[Task item] The copy should begin at the line containing "Jual Mesin Kambing" and end at the last line of the material. Please reproduce those lines exactly and keep pictures out.

[Source material]
■ ■ ■ ■

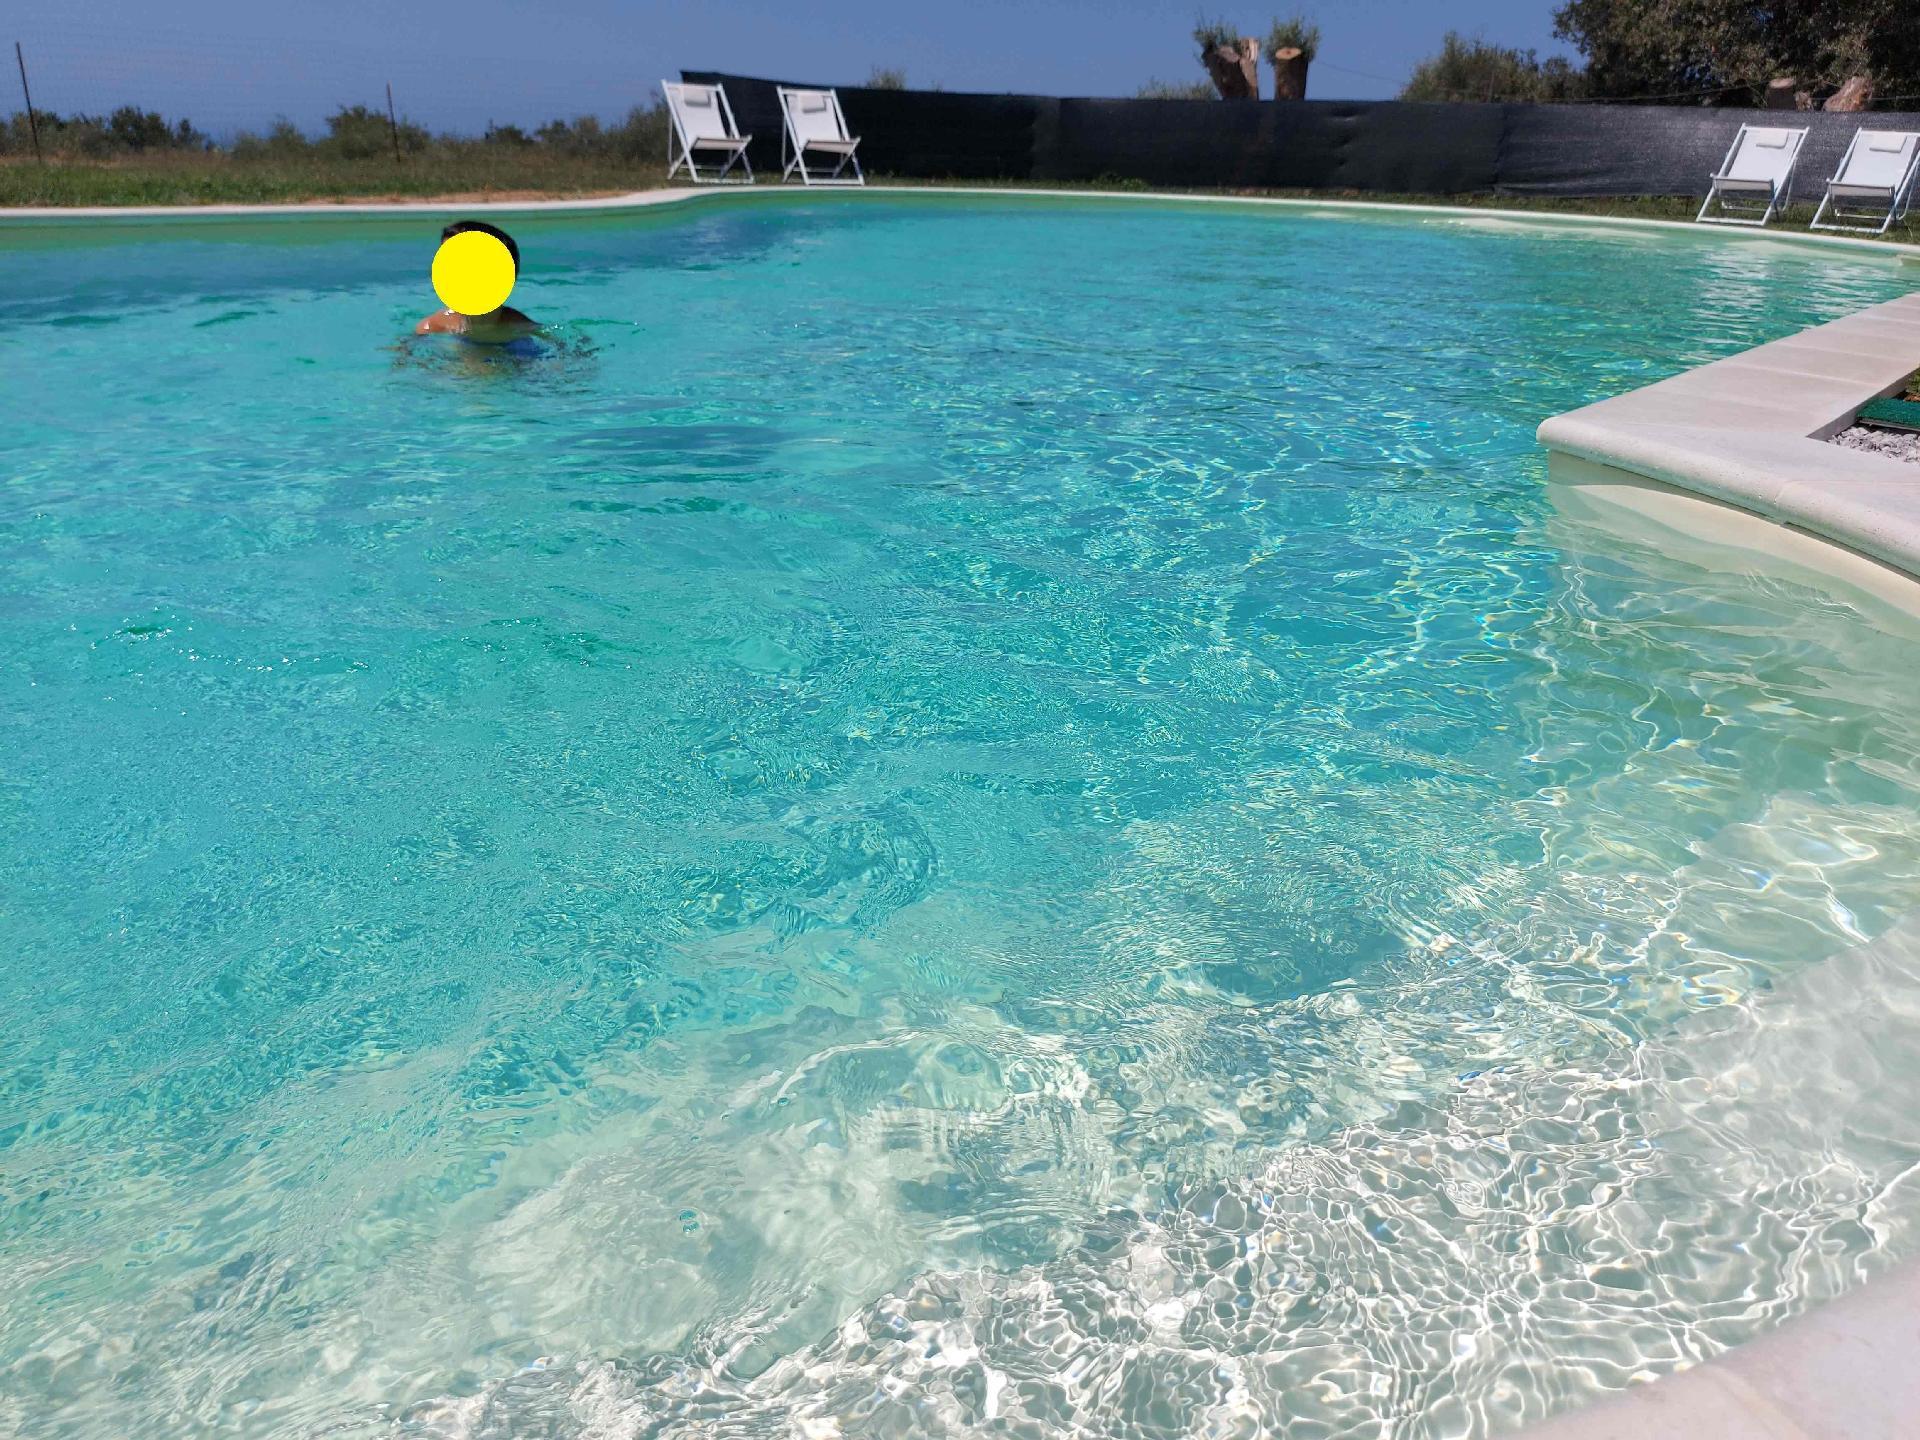 Unabhängige Villa mit Gartenpool Nahe dem Mee
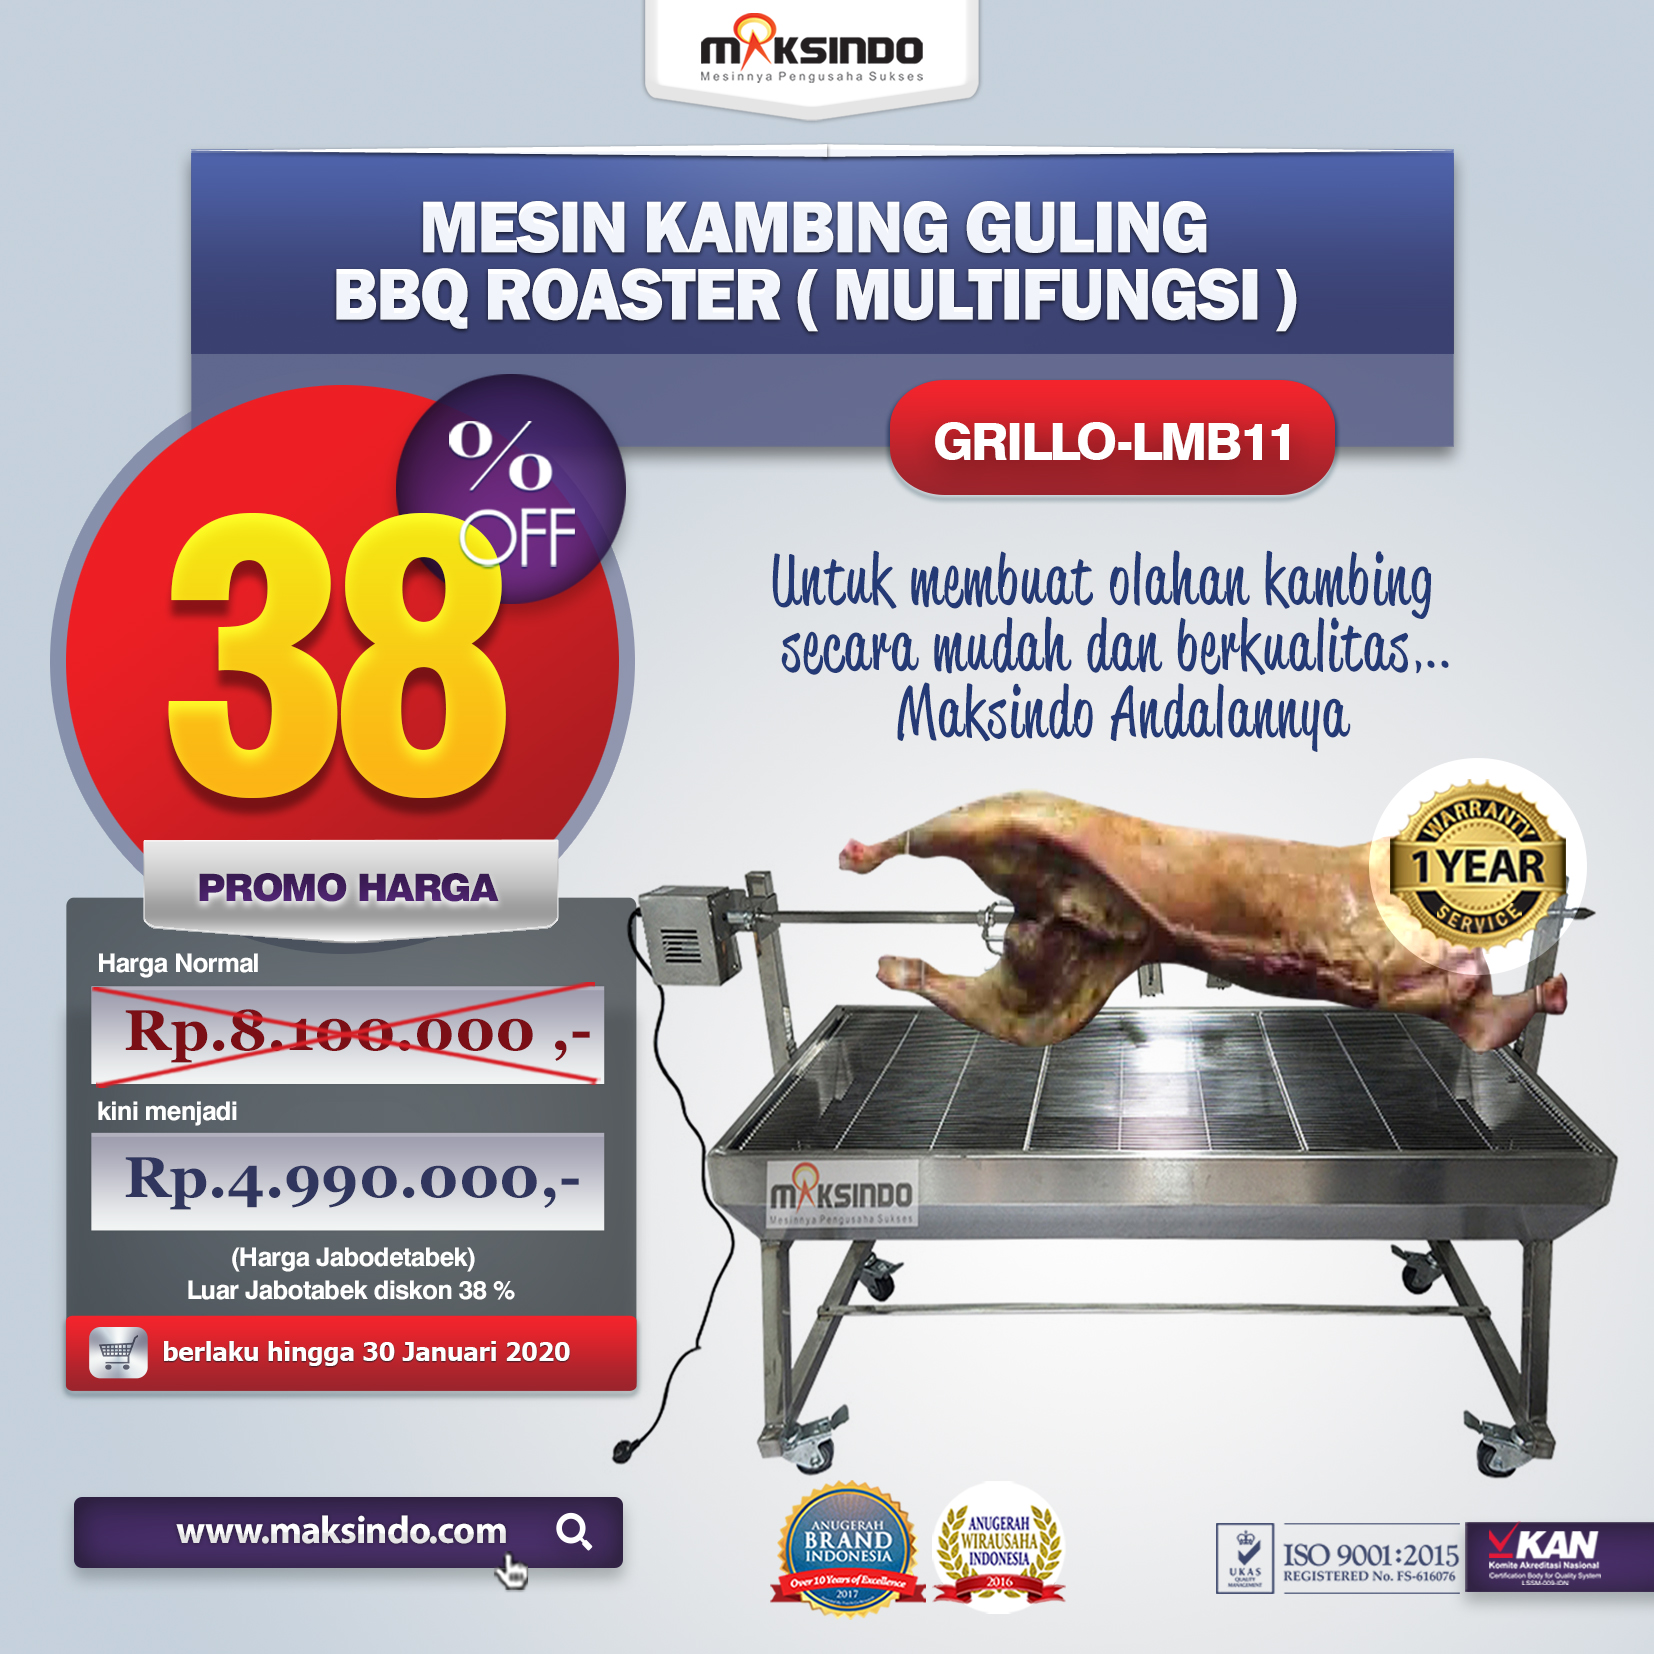 Jual Mesin Kambing Guling BBQ Roaster (GRILLO-LMB11) di Semarang
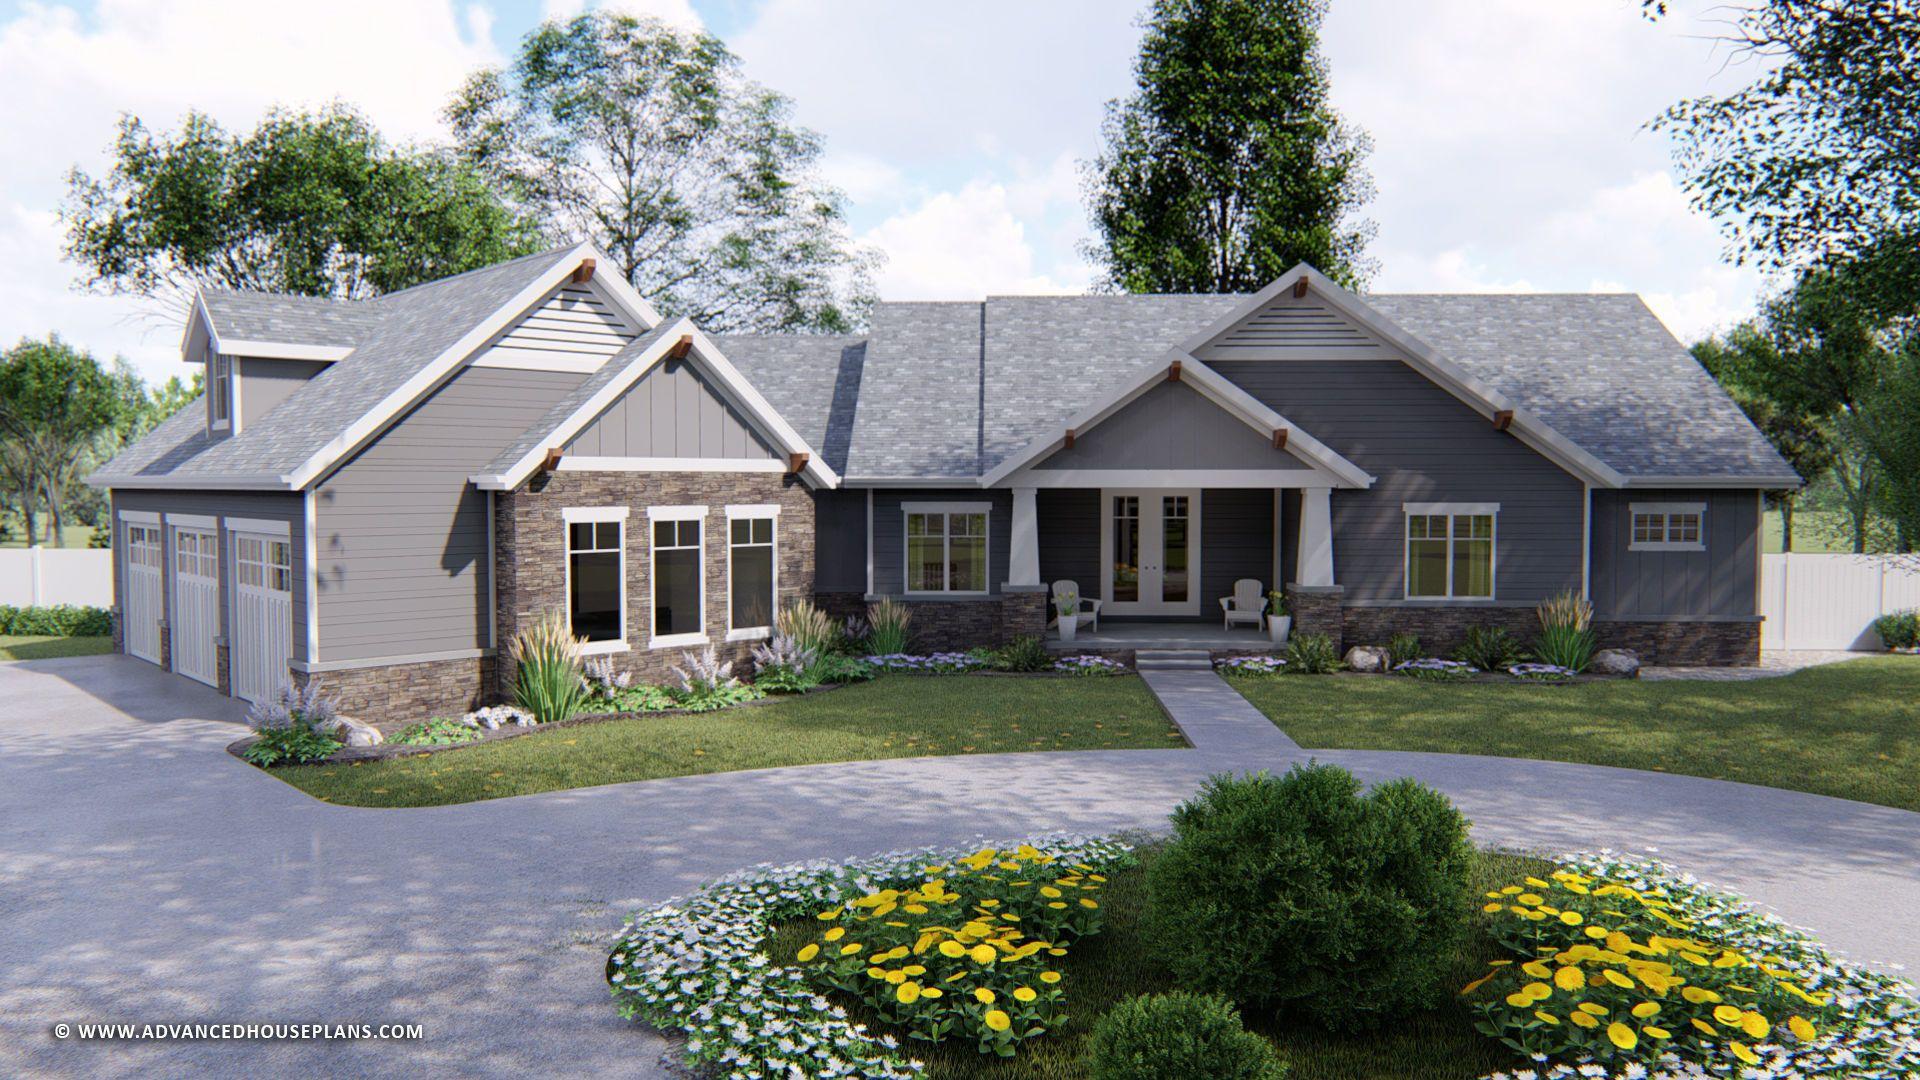 1 Story Craftsman House Plan Bridgetown Craftsman Style House Plans Craftsman House Craftsman House Plans

■ ■ ■ ■

[Response box]
 Jual Mesin Kambing Guling BBQ Roaster (GRILLO-LMB11) di Semarang
 1 Story Craftsman House Plan Bridgetown Craftsman Style House Plans Craftsman House Craftsman House Plans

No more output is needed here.